Duration and schedule:

Half Day (Monday, June 25th 14:00 - 18:00)

Organizers

Jaejin Lee (Center for Manycore Programming, Seoul National University, KR)

Description

Open Computing Language (OpenCL) is a programming model for heterogeneous parallel computing systems. OpenCL provides a common abstraction layer across different multicore architectures, such as CPUs, GPUs, DSPs, and Cell BE processors. Programmers can write an OpenCL application once and run it on any OpenCL-compliant system. However, current OpenCL is restricted to a single heterogeneous system. To target heterogenous CPU/GPU clusters, programmers must use the OpenCL framework combining with a communication library, such as MPI. The same thing is true for CUDA.
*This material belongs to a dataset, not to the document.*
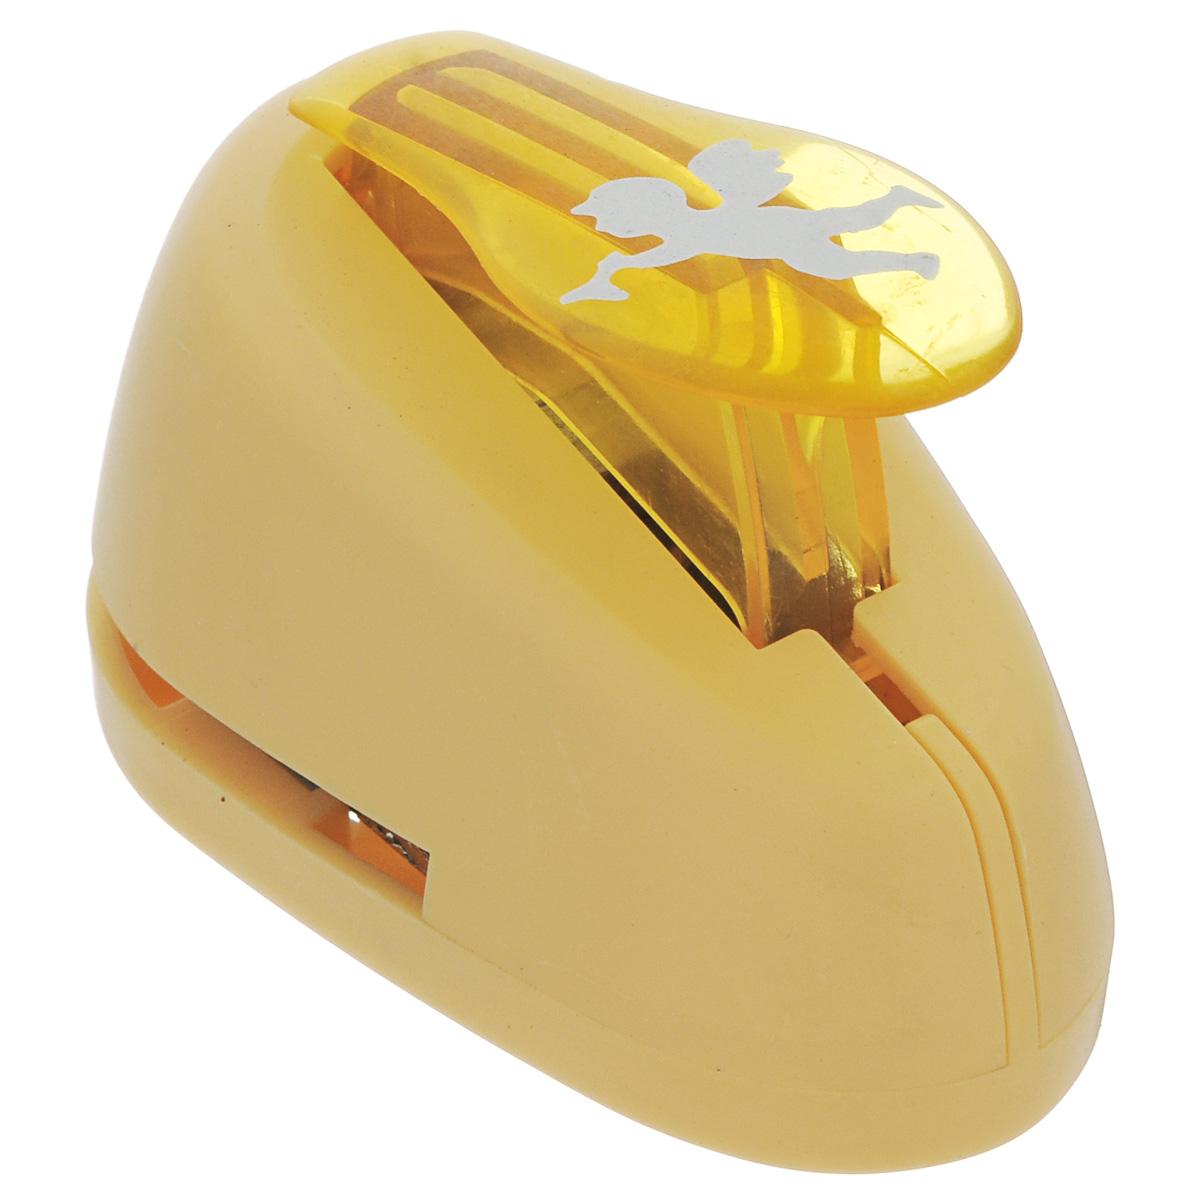 Дырокол фигурный Астра Ангел. 7709605_17709605_1 - ангелДырокол Астра Ангел, изготовленный из прочного металла и пластика, поможет вам легко, просто и аккуратно вырезать много одинаковых мелких фигурок. Режущие части компостера закрыты пластиковым корпусом, что обеспечивает безопасность для детей. Вырезанные фигурки в виде ангелов накапливаются в специальном резервуаре.Можно использовать вырезанные мотивы как конфетти или для наклеивания.Дырокол подходит для разных техник: декупажа, скрапбукинга, декорирования.Размер дырокола: 8 см х 5 см х 5 см. Размер готовой фигурки: 2 см х 2,5 см.

This tutorial will cover usages and internals of an OpenCL framework, called SnuCL. It naturally extends the original OpenCL semantics to the heterogeneous cluster environment. The target cluster contains multiple CPUs and GPUs in a node. The nodes in the cluster are connected by an interconnection network, such as Gigabit and InfiniBand switches. For such clusters, SnuCL provides an illusion of a single heterogeneous system for the programmer. A GPU or a set of CPU cores becomes an OpenCL compute device. SnuCL allows the application to utilize compute devices in a compute node as if they were in the host node.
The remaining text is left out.